At any rate, if it's in your season's musicals, don't skip it out of fear. It's well-written with lots of little tid-bits thrown into the script that aren't necessarily about the film ---literary references to Alice in Wonderland and others, oddly enough --- and if you enjoyed the music when it was popular you'll enjoy hearing it again.

And couldn't love a roller-skating finale?

8808. alistairConnor - 1/11/2010 1:18:08 AM

I went to a show before Christmas that I expected to hate, or, at best, to be bored by. It was called "Beatles Symphonie", which already put my teeth on edge. The concept is to render the George Martin orchestrations live, which would have been technically impossible for the Beatles to do in public.

I was happily surprised, to put it mildly. It was the Orchestre Symphonique de Lyon, with a six-piece rock group. Most of the members of the group have day jobs in the orchestra, which helps : they were really really tight.

Yes, they did all your favourites. They hit all the right notes. Everything was perfectly audible, thanks to the wonders of modern sound engineering. And the show was nicely paced: the beginning was dominated by brass, Magical Mystery Tour and so on, and I was just thinking that the strings didn't have much to do, and here's Eleanor Rigby... Next, a couple of straight rock numbers without the orchestra. Sort of beside the point, I thought, but they balanced the concert nicely, otherwise it would have been dominated by the softer, wimpier orchestrations.

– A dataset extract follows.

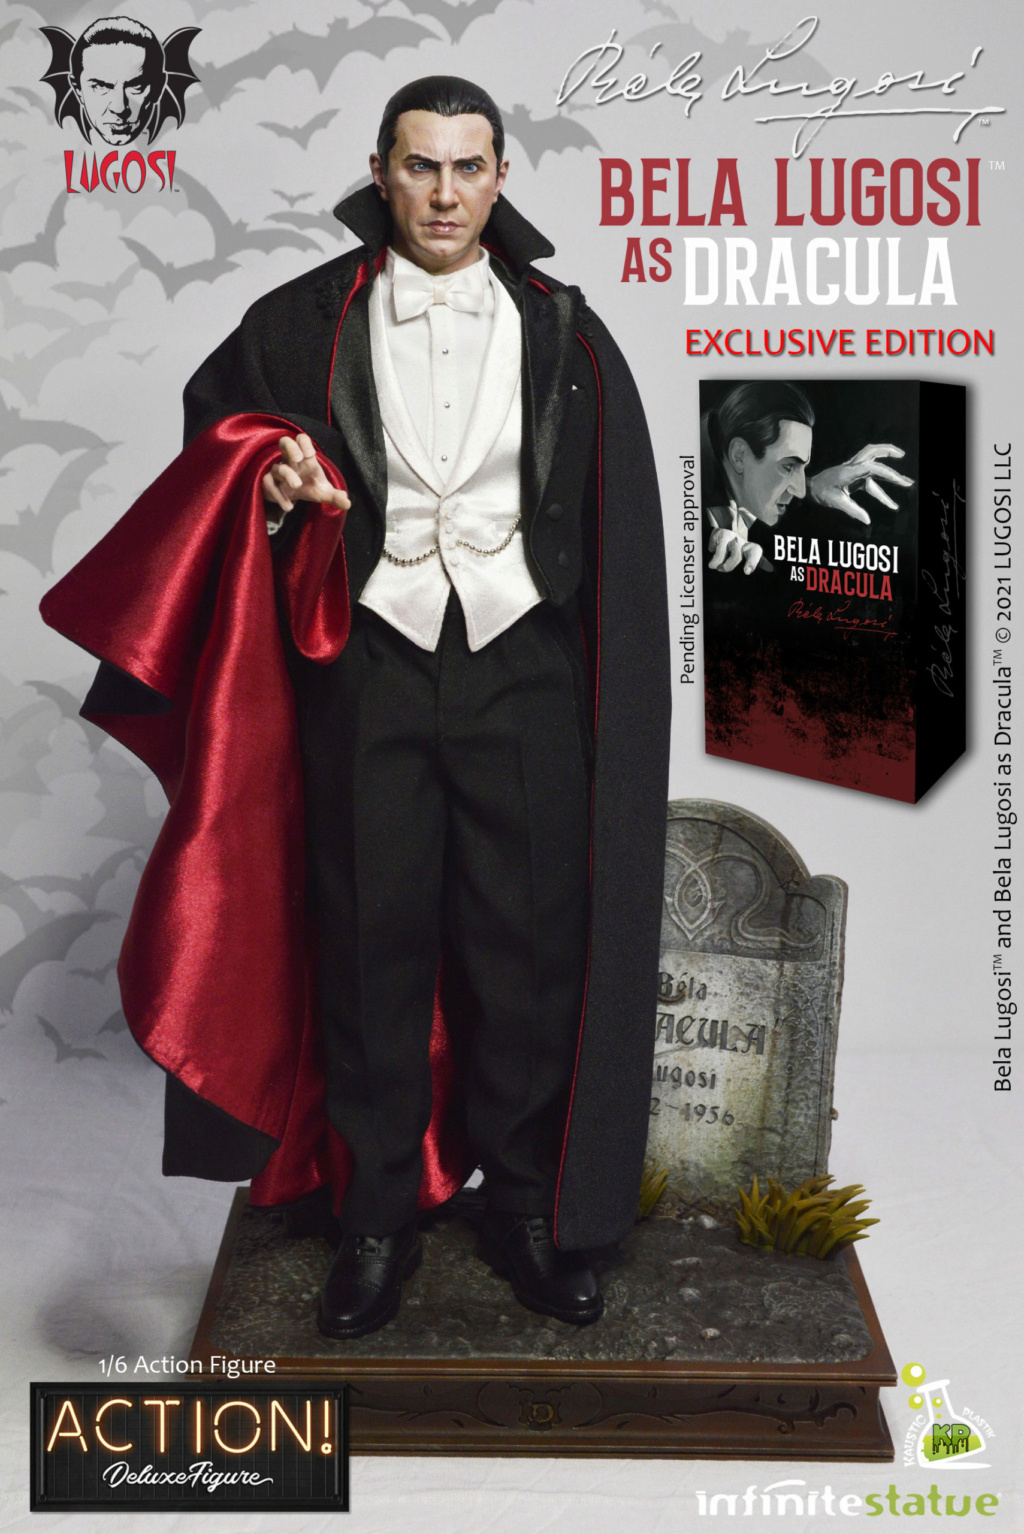 NEW PRODUCT: Kaustic Plastik & Infinite Statue: Bela Lugosi as Dracula (standard, deluxe & exclusive) action figure 2894

What bowled me over was the emotional impact the songs had on me. I found myself singing along with tears rolling down my cheeks. Not sure what that was about, except that this music has been part of my life from my earliest childhood, and has acquired a lot of personal meaning. And the total immersion experience was awesome. Never mind Avatar in 3D.

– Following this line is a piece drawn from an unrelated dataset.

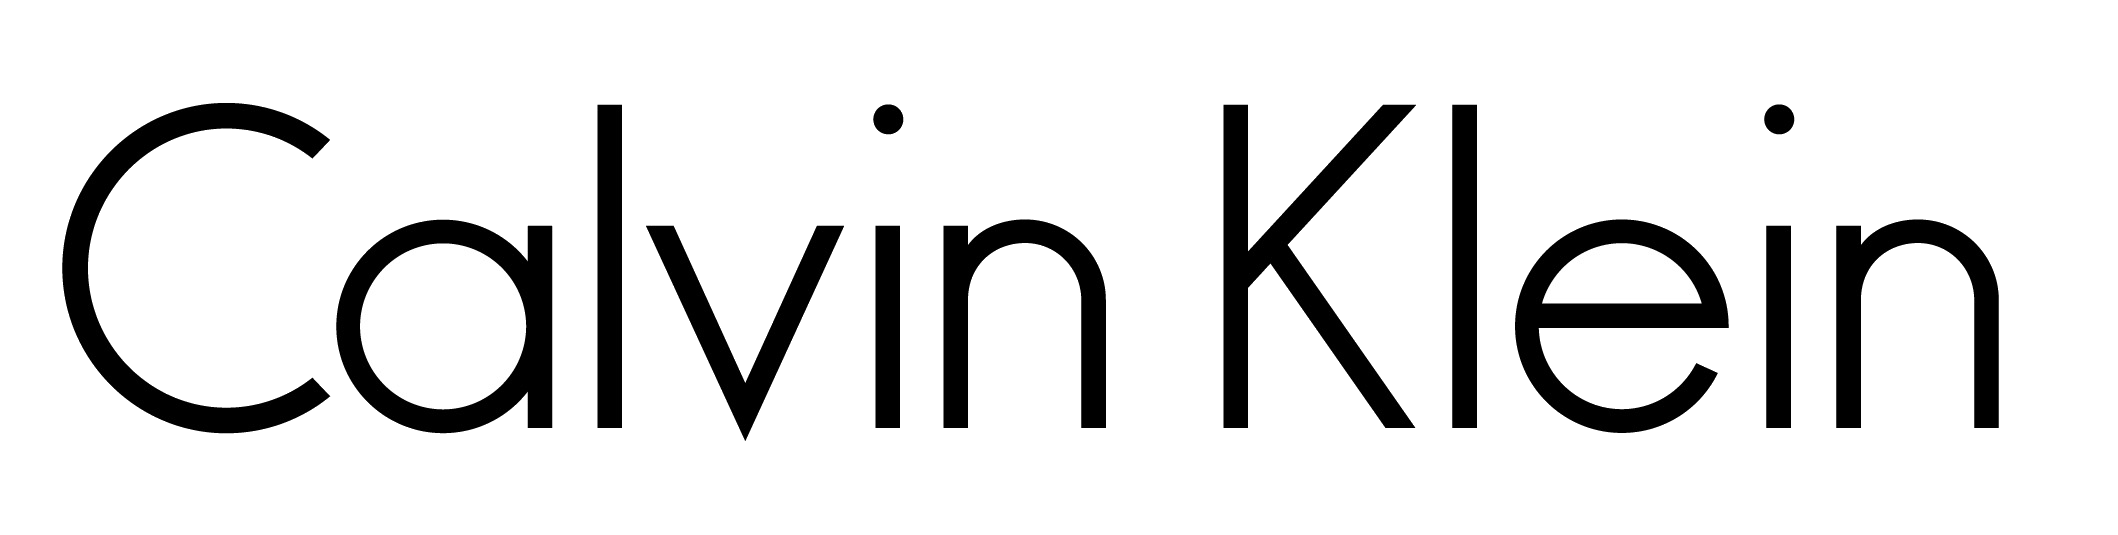 Calvin Klein Logo Png Images,

One minor quibble. The singer did a fine job musically, and carried the show well. But I knew the words better that he did. Apart from the well-known hooks, his renditions suffered from being in "chewing gum" dialect : this is what happens when kids learn pop songs phonetically in a language they don't understand. Things get garbled, half a line migrates to the wrong verse, that sort of thing. It was teeth-grindingly awful for me to listen through, but by the end of the show I took it philosophically. It gave the show authenticity, as a genuinely French tribute to the Beatles.